- **THE DATA**:
··········
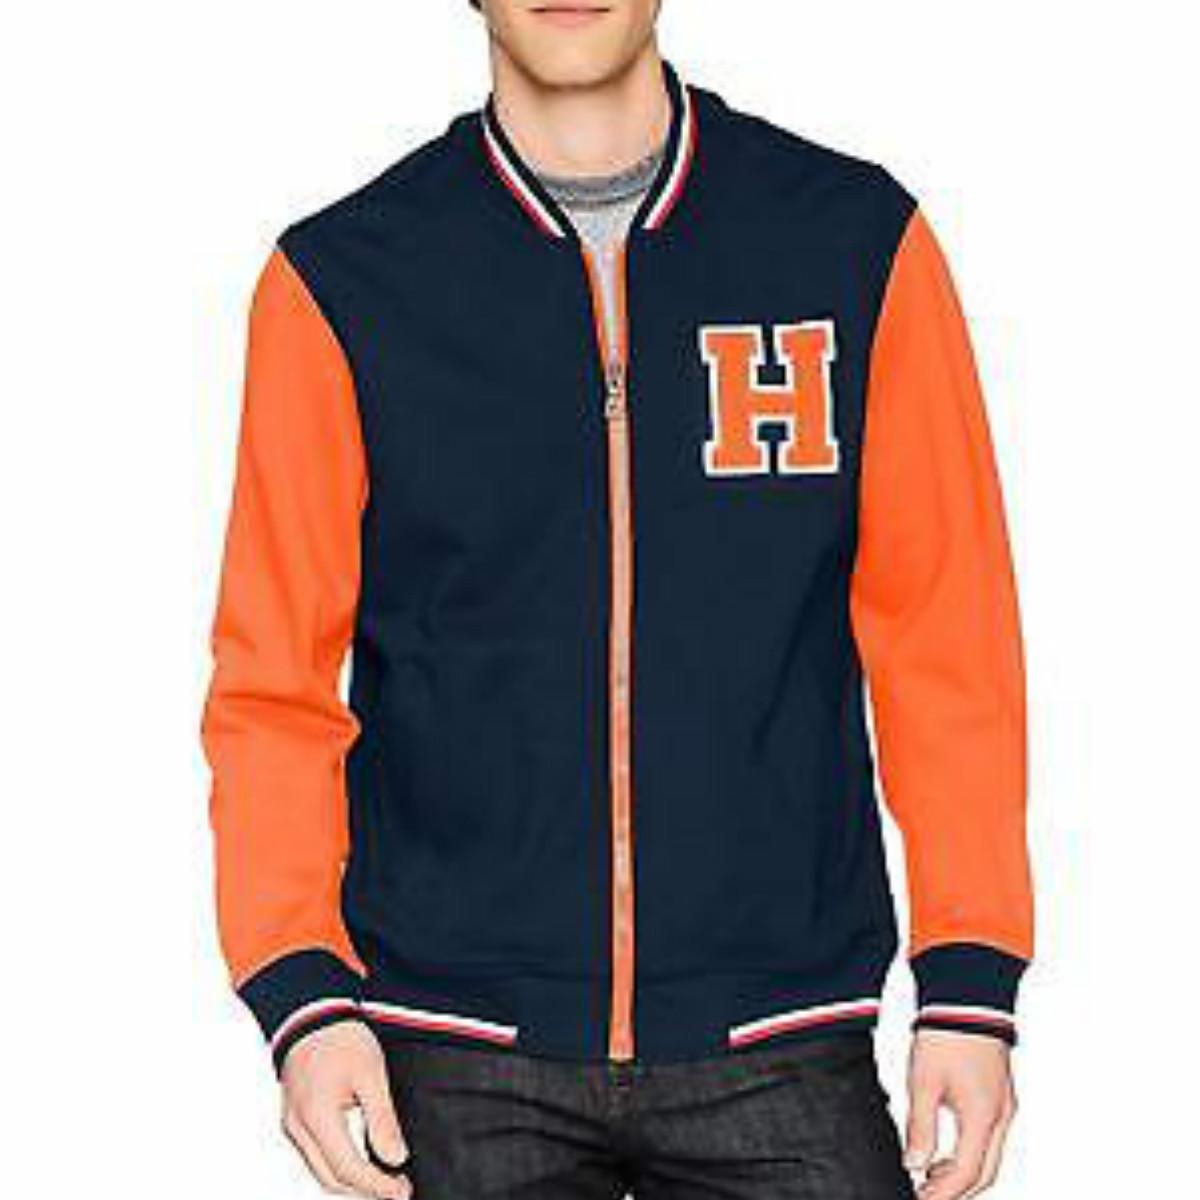 TOMMY HILFIGER メンズ トミーフィルフィガートラックジャケットオレンジ・ネイビー
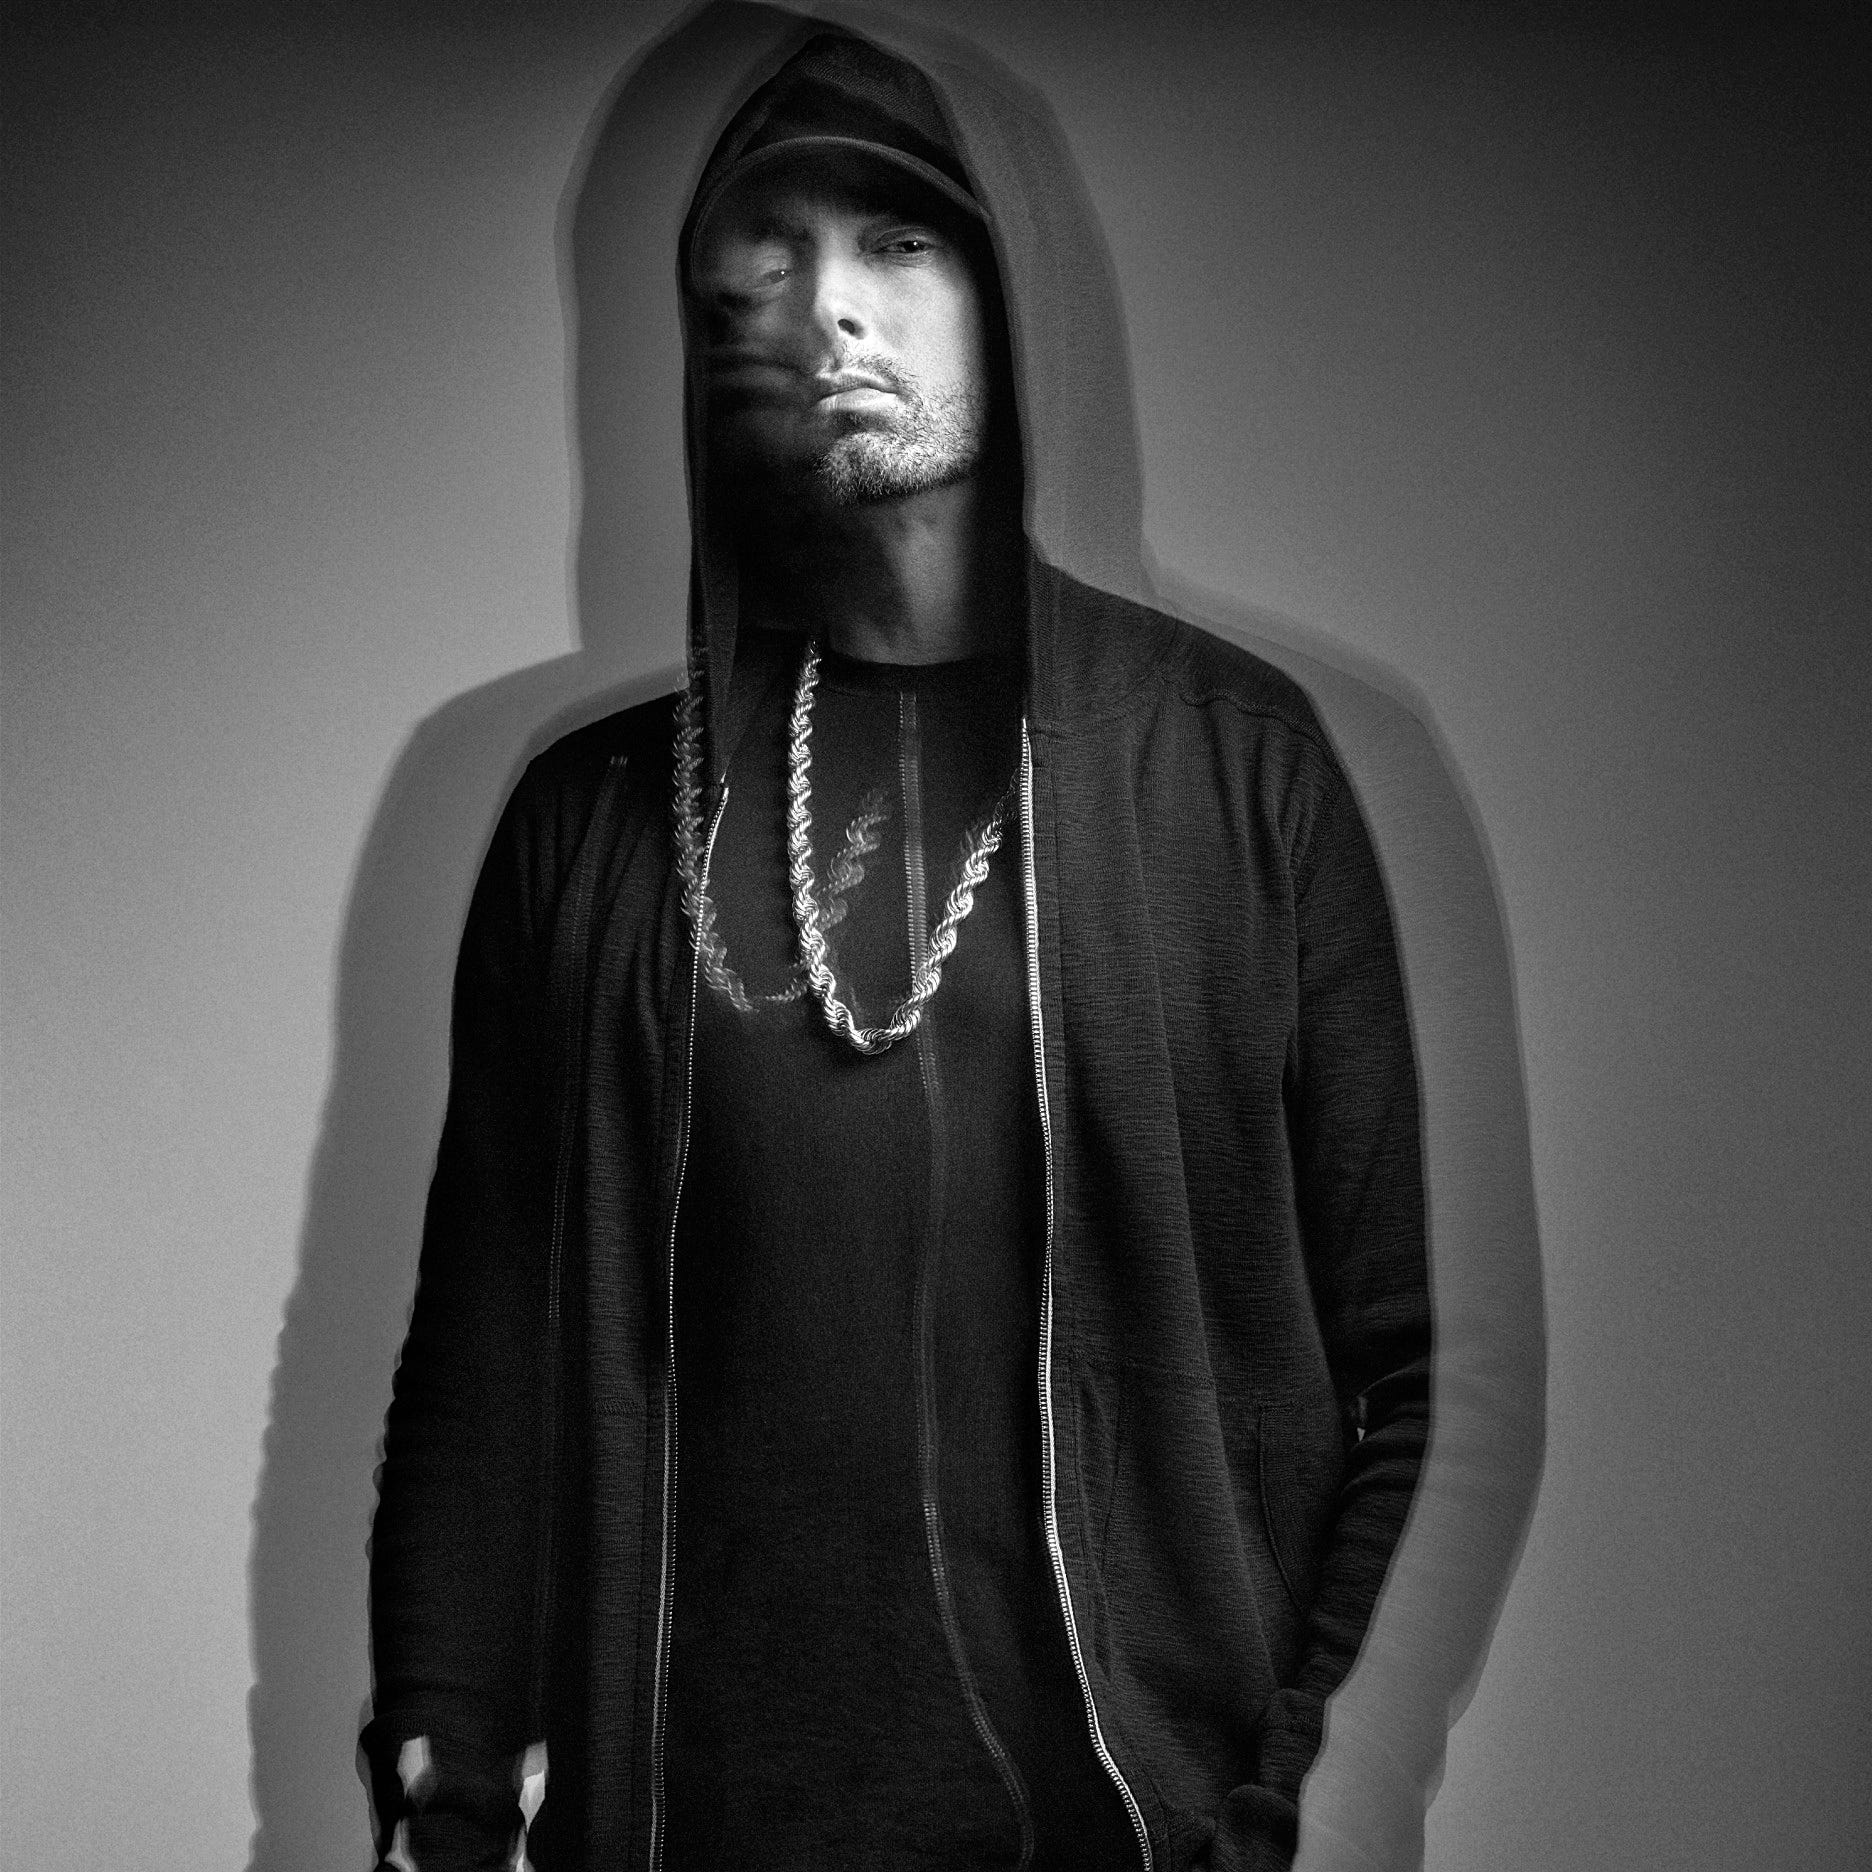 Eminem responds to Machine Gun Kelly track: 'It just felt pitiful'
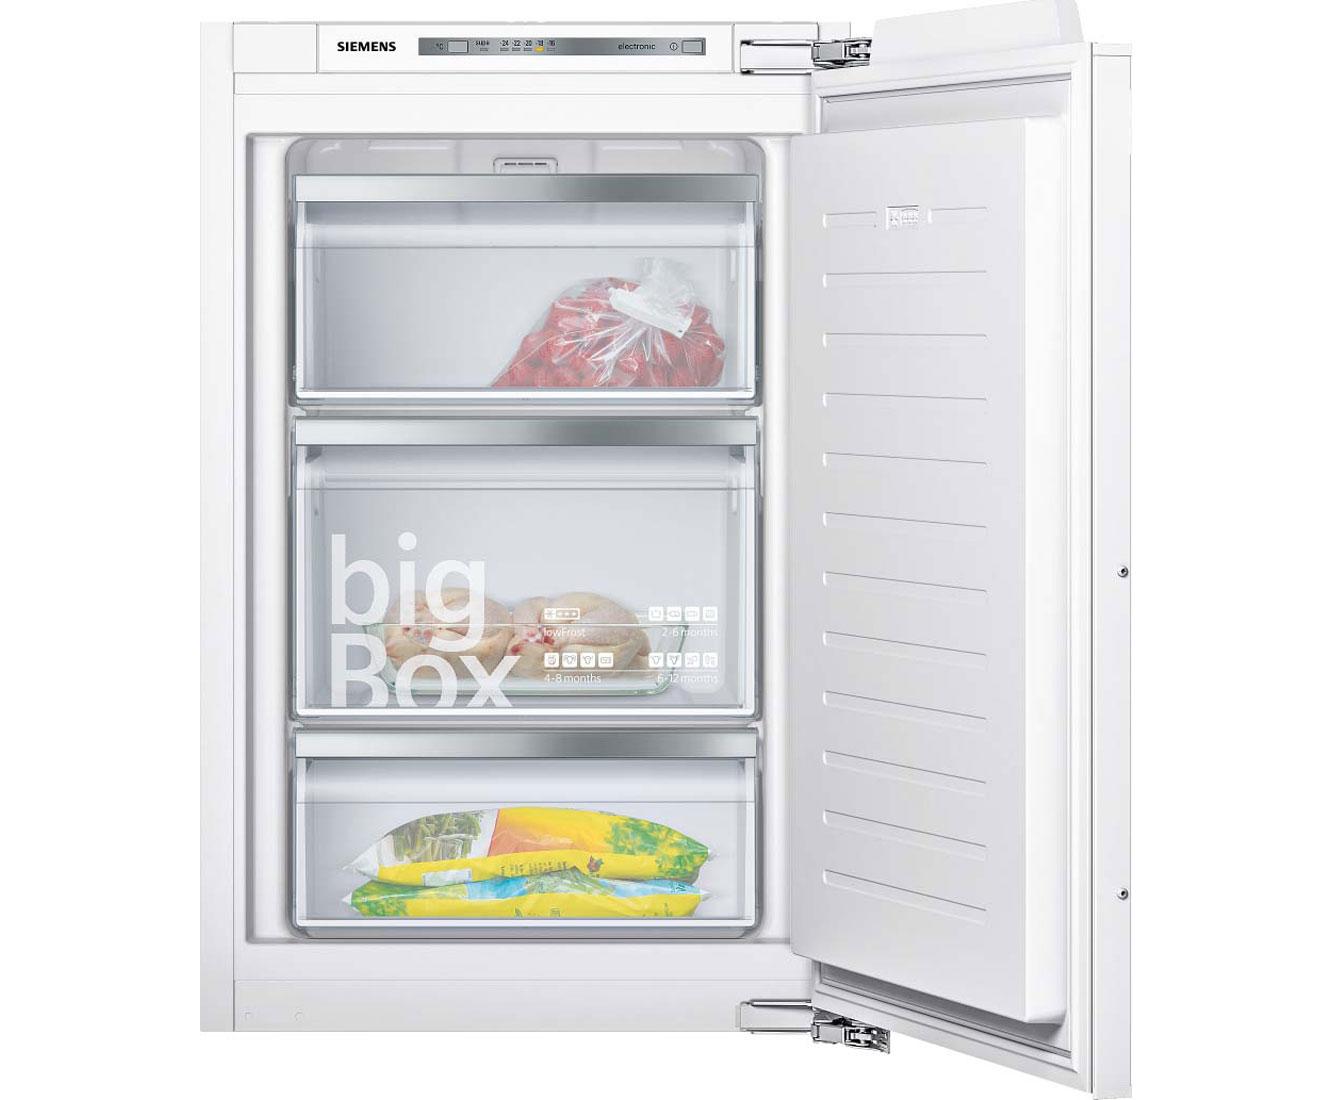 Bosch Kühlschrank Kgn 39 Xi 41 : Gefrierschrank media markt bosch kühlschrank kgn xi
··········
Output the listing above in full and exactly, with pictures excluded.

- **COMPLETED TASK**:
 TOMMY HILFIGER メンズ トミーフィルフィガートラックジャケットオレンジ・ネイビー
 Eminem responds to Machine Gun Kelly track: 'It just felt pitiful'
 Bosch Kühlschrank Kgn 39 Xi 41 : Gefrierschrank media markt bosch kühlschrank kgn xi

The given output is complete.